* **PROBLEM REQUIREMENTS**
Write out again, word for word, the lines below from the line that holds "Wilton won 5-0" through the line that holds "2013 Acura TSX", omitting pictures.

* **RECORDED DATA**
※

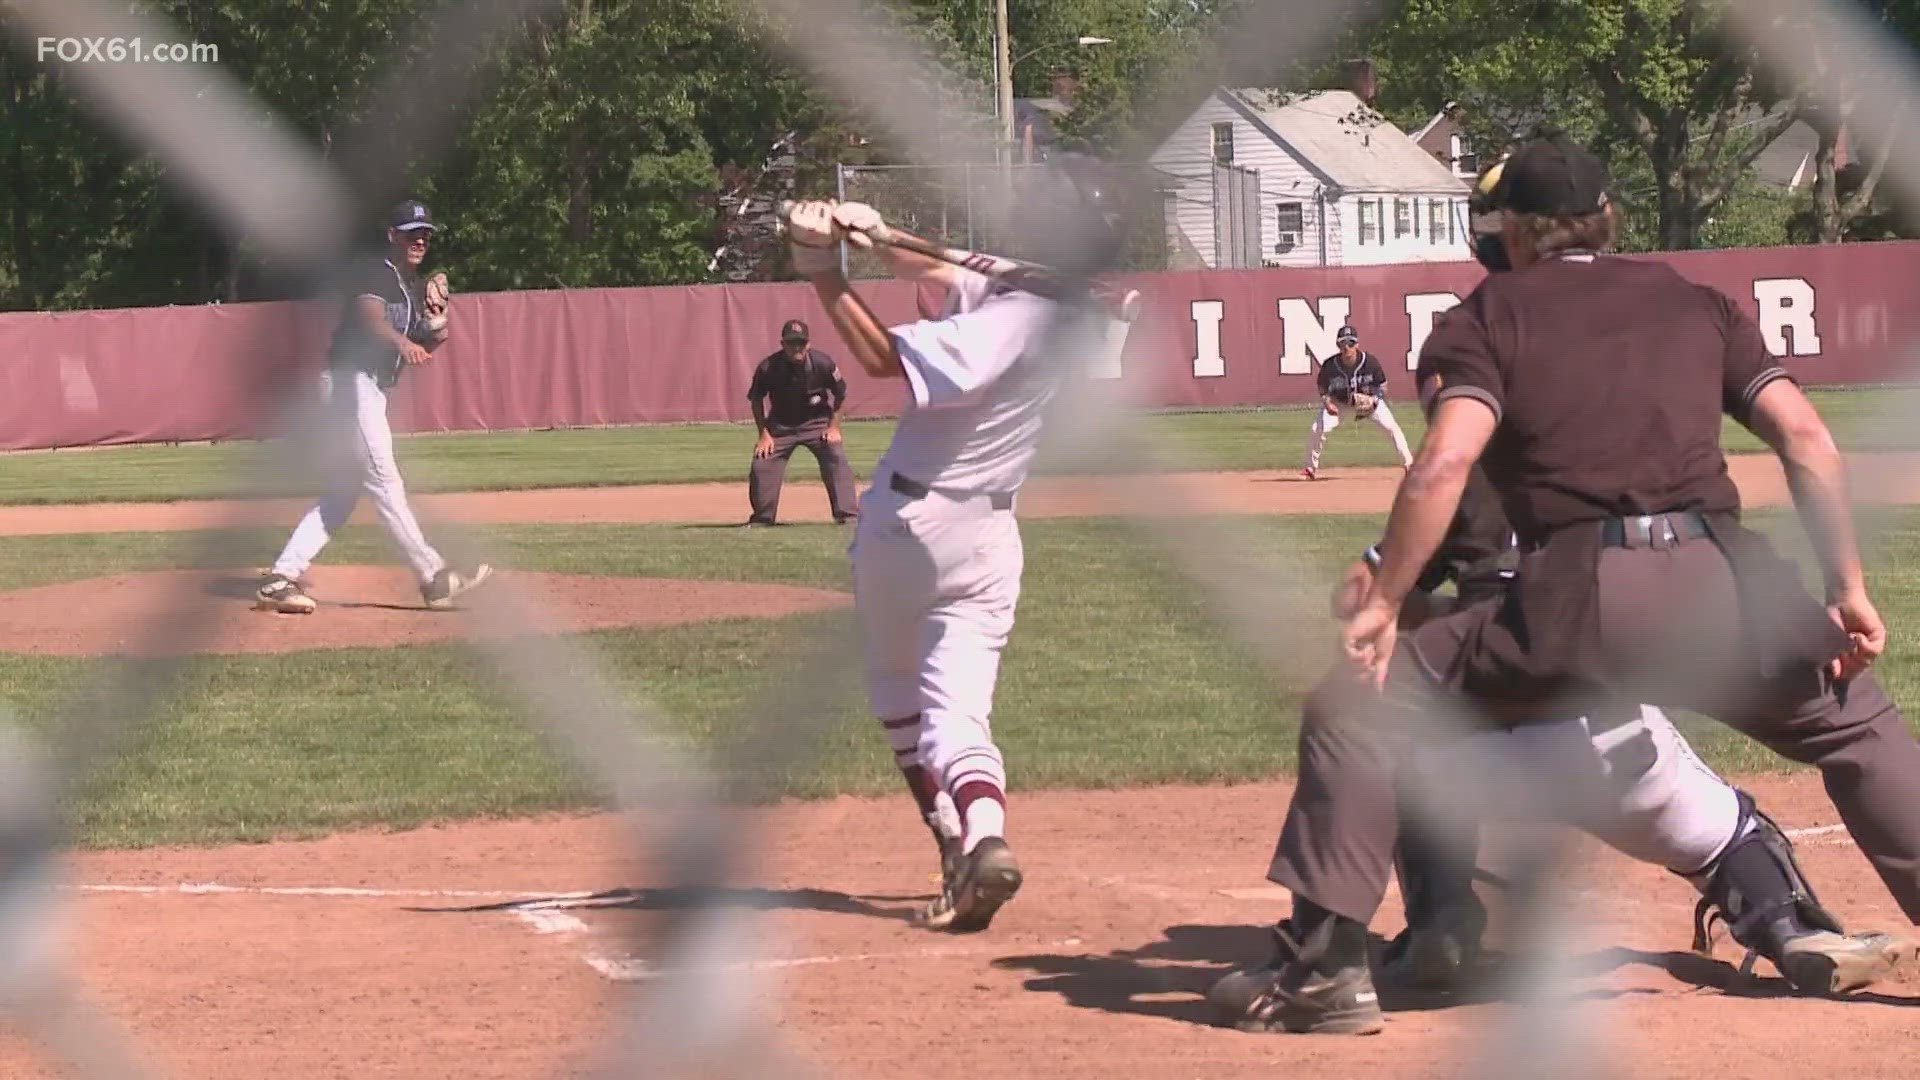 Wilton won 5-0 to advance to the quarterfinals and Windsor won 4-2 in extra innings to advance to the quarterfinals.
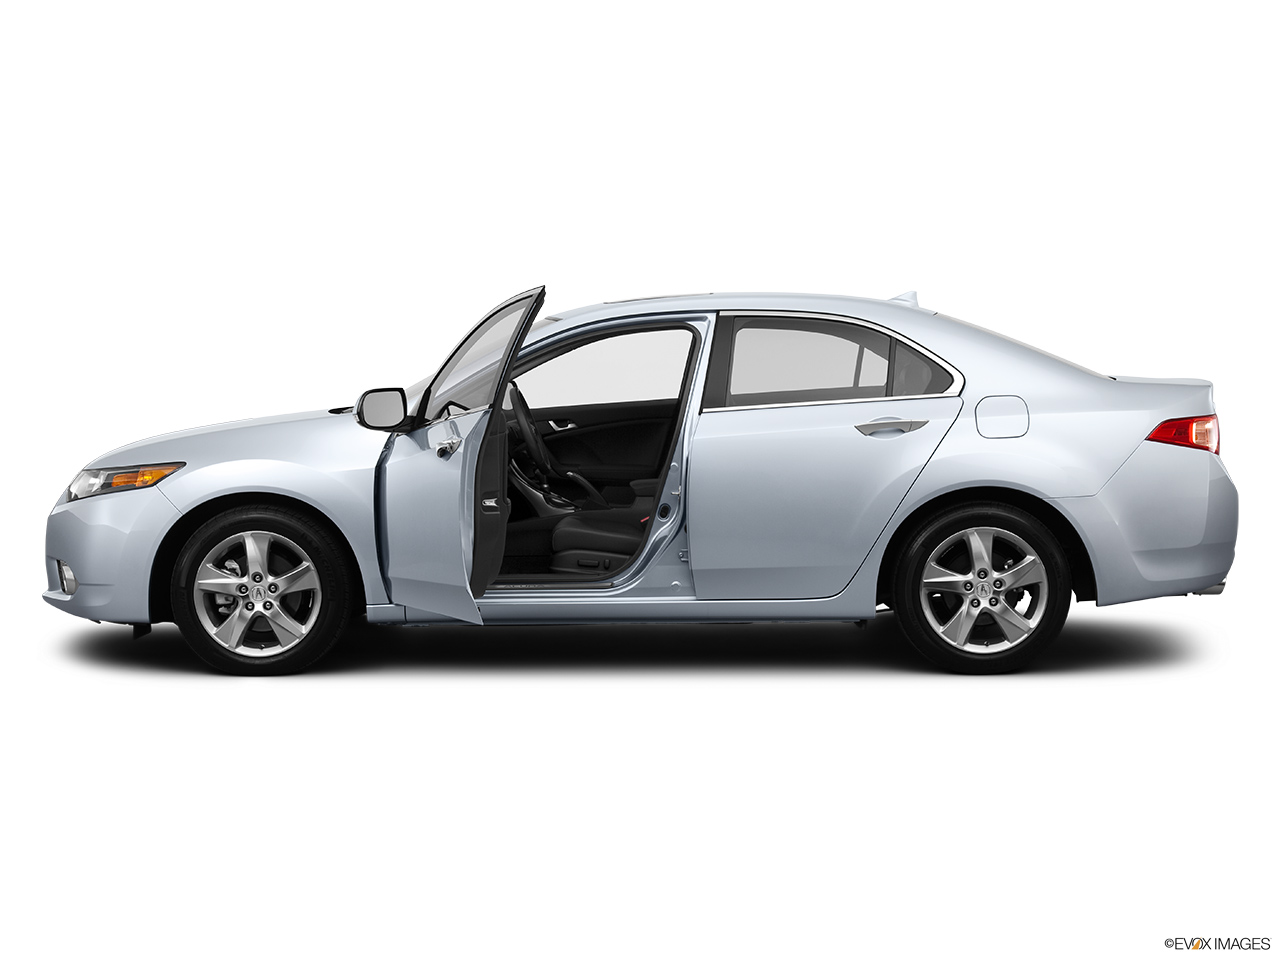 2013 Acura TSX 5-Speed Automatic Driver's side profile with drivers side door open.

※

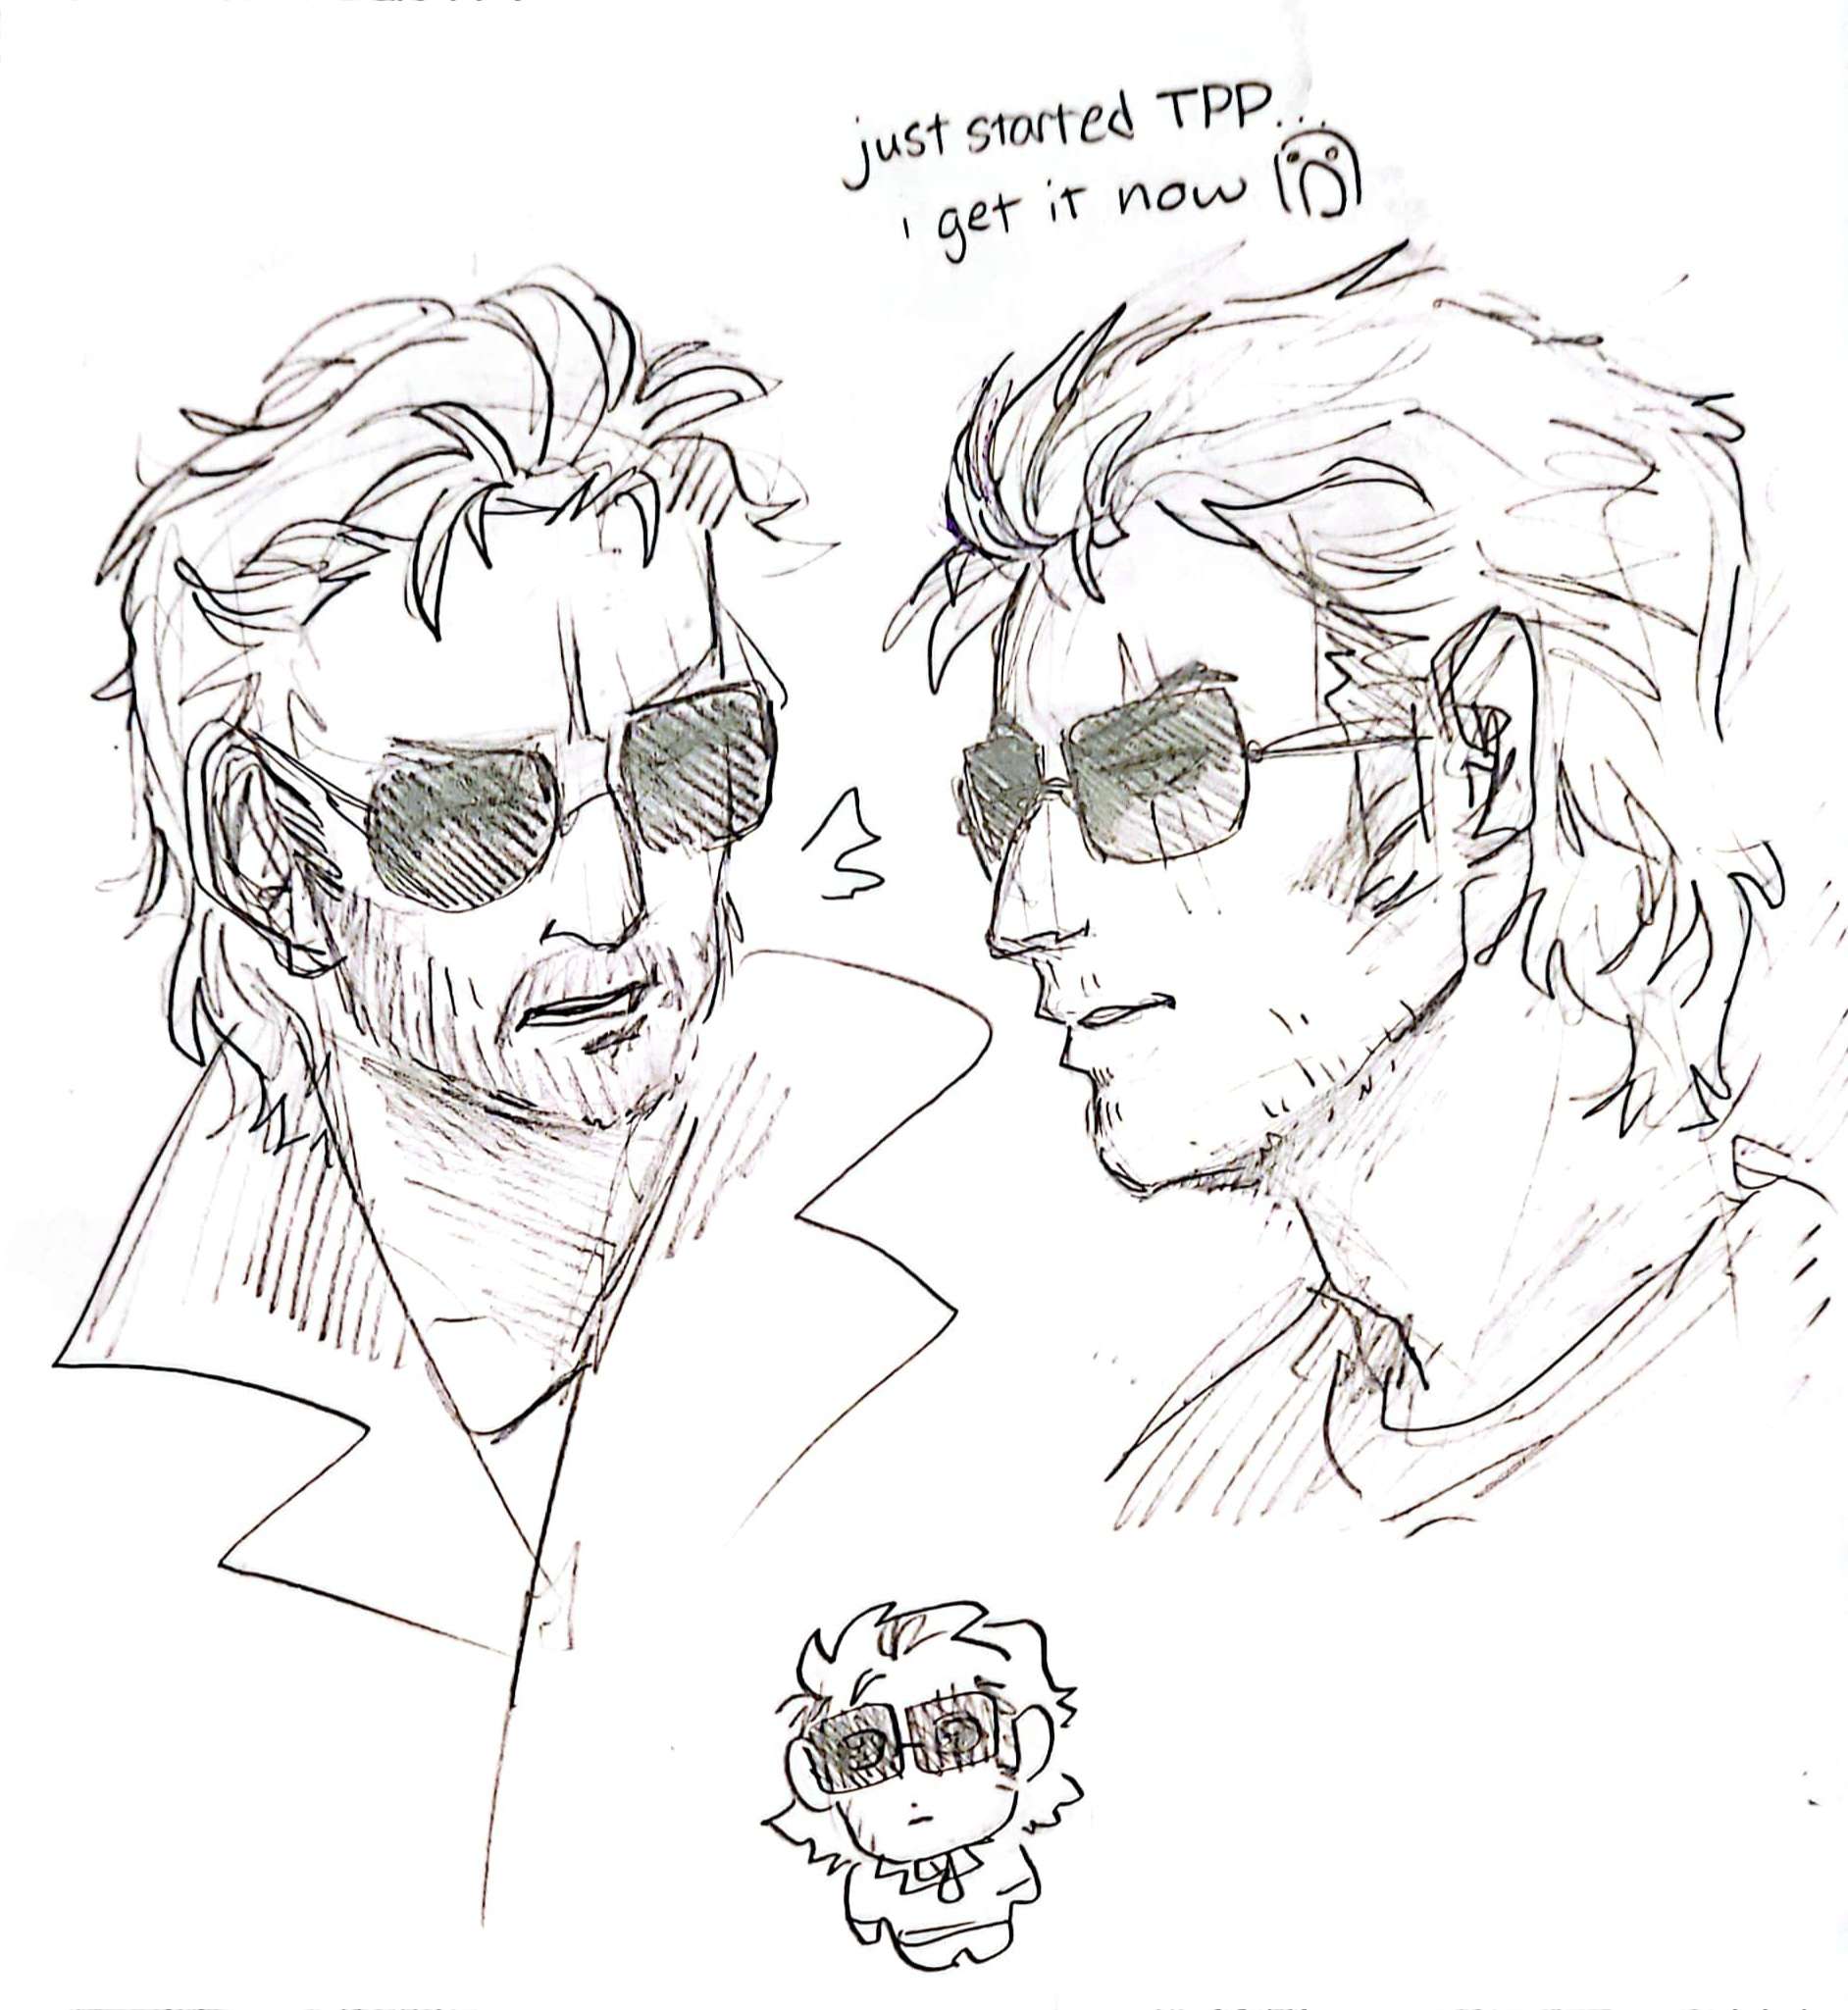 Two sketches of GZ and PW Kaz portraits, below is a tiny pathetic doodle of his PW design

※

* **ANSWER BOX**
 Wilton won 5-0 to advance to the quarterfinals and Windsor won 4-2 in extra innings to advance to the quarterfinals.
 2013 Acura TSX 5-Speed Automatic Driver's side profile with drivers side door open.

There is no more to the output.